The bandwagon is filling up
Air frying is the second-most popular way to heat up frozen prepared foods, according to Holbrook.
The company, which is owned by Nissui, got into the trend by putting air fryer cooking instructions on its website. Then it added the directions to packaging. In January, it unveiled Air Fried Butterfly Shrimp and Air Fried Fish Fillets.
Gorton's new butterfly shrimp and fish fillets were cooked by air frying before being packaged, and consumers can choose to heat the seafood by air frying it again or using an oven.
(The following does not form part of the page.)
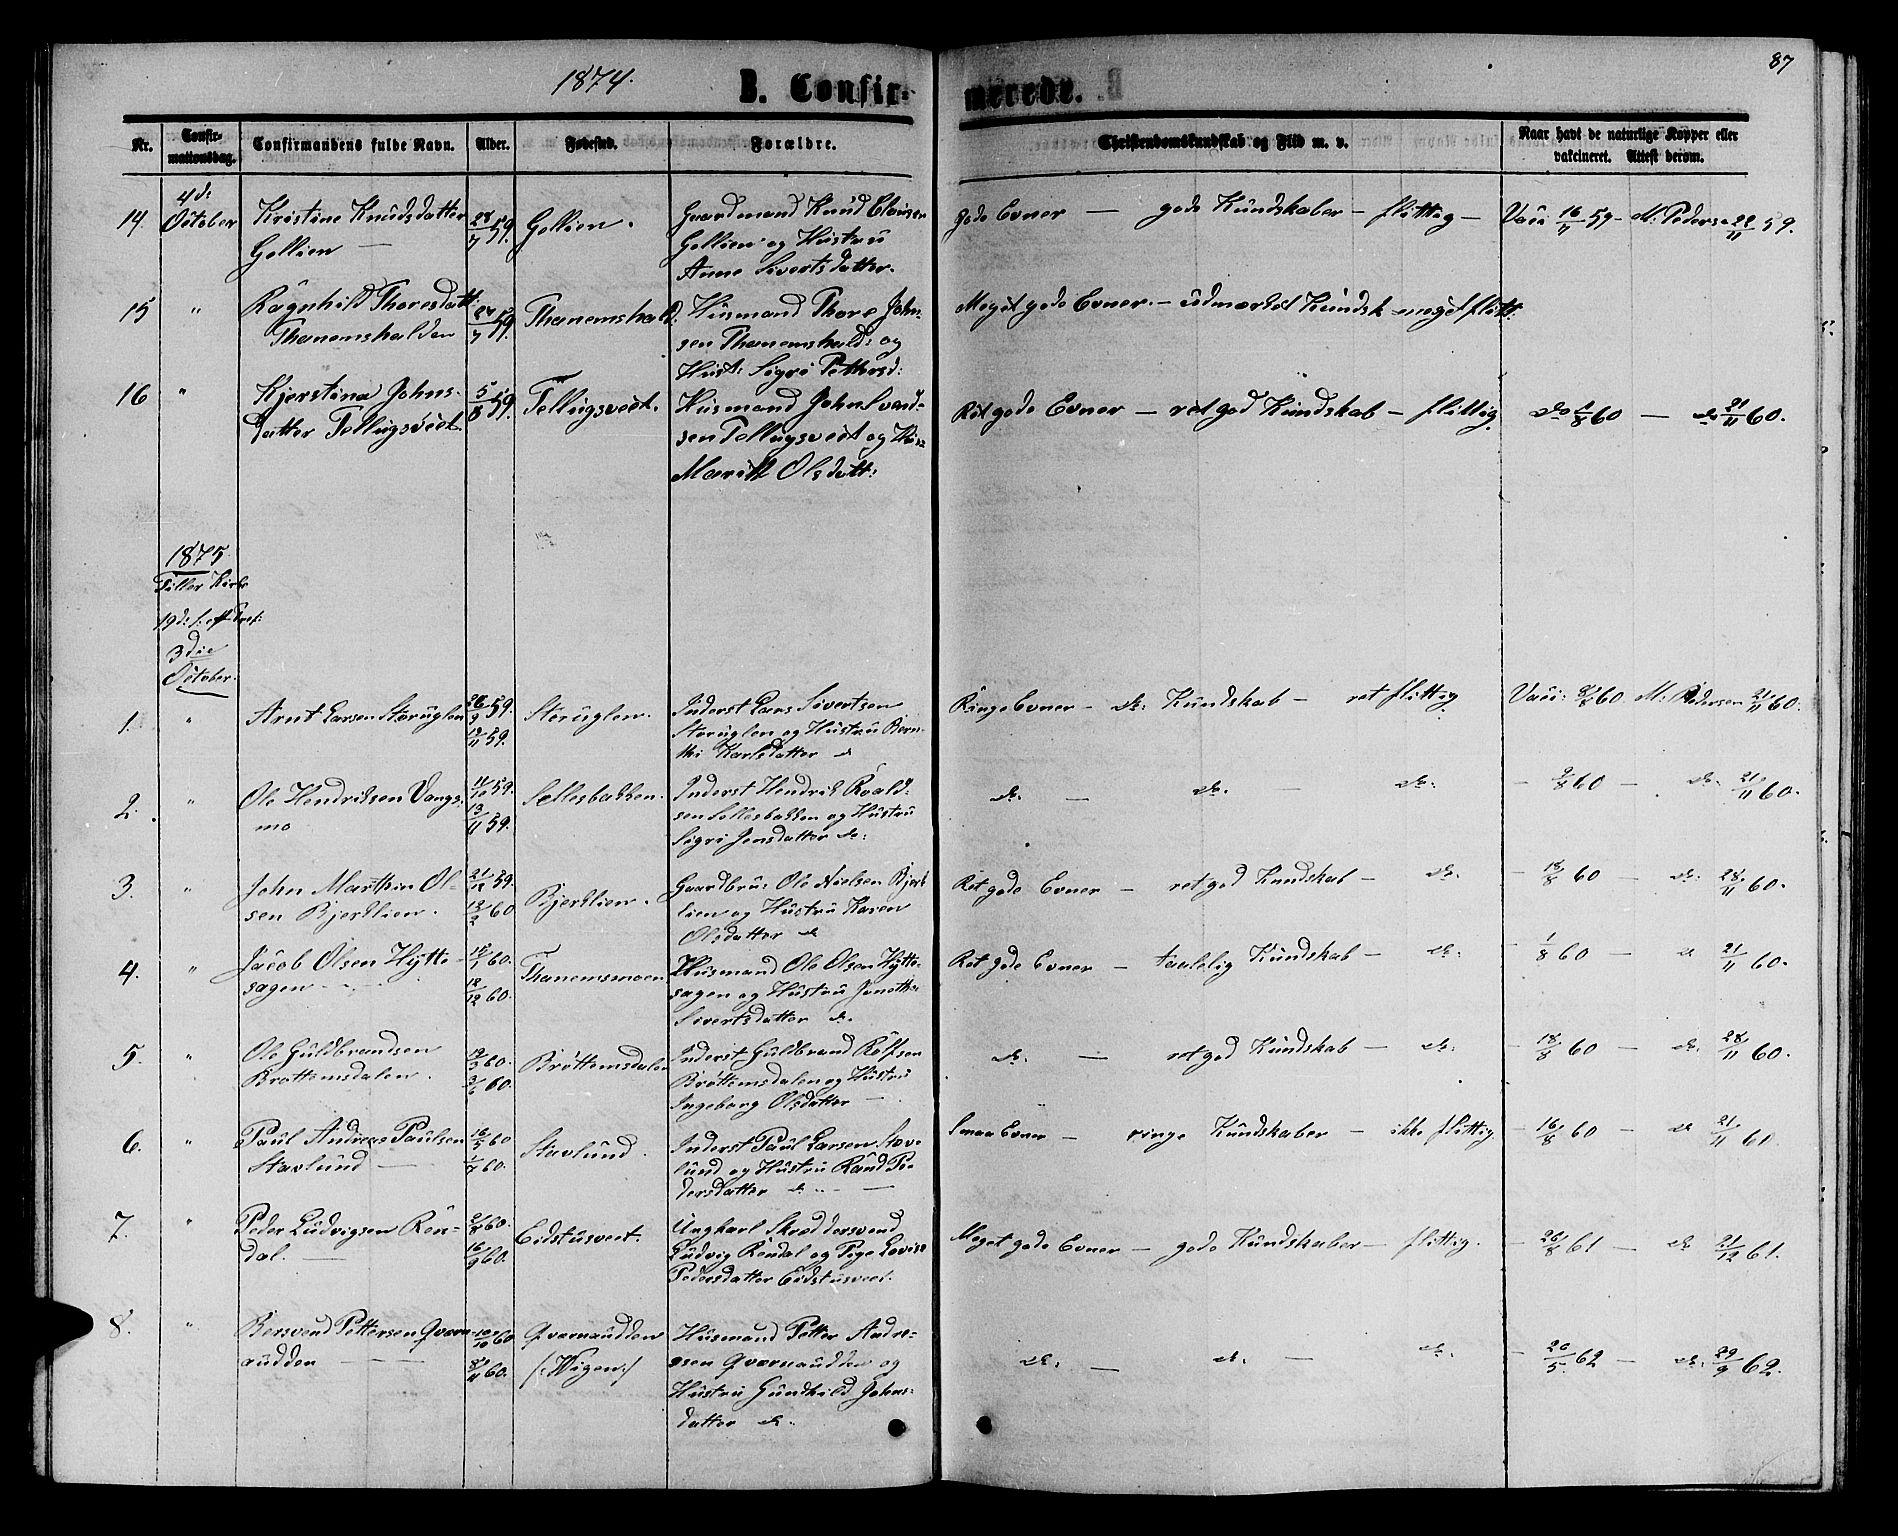 SAT, Ministerialprotokoller, klokkerbøker og fødselsregistre - Sør-Trøndelag, 618/L0451: Klokkerbok nr. 618C02, 1865-1883, s. 87

The products' packaging touts that it contains 50% less fat.
"Everyone will jump on this bandwagon for the next two years while it's trendy," Harris said.
Other food makers following the trend include Kellogg, which started including air fryer instructions for its plant-based Morningstar Farms products in early 2021 in response to customer inquiries. Likewise, Hormel Foods has been responding to consumers' air fryer demand by updating its packaging and adding recipes on its website and cooking videos on YouTube to create Spam fries and Mary Kitchen corned beef hash.
Nestle has gone even further, targeting consumers who haven't yet bought an air fryer. In December, it partnered with Insta Brands, the maker of the Insta Pot and its own version of the air fryer, to give away the appliance. It ran a similar giveaway internally at Nestle U.S. for its employees.
Graves estimates that roughly 60% of U.S. households have an air fryer at this point. But it's not ubiquitous yet.
"If you benchmark it to a microwave — there's a microwave in practically everyone's home — the air fryer's got a long way to go," Harris said.
Still, it's well on its way to joining the microwave as a staple in U.S. kitchens. In 2022, the air fryer leapfrogged over grills and multicookers to become the No. 4 cooking appliance, according to the NPD Group.
"I think people originally thought [the air fryer] was something that might be a fad," Tyson's Hall said. "It's similar to the 1970s — people thought the same thing about the microwave."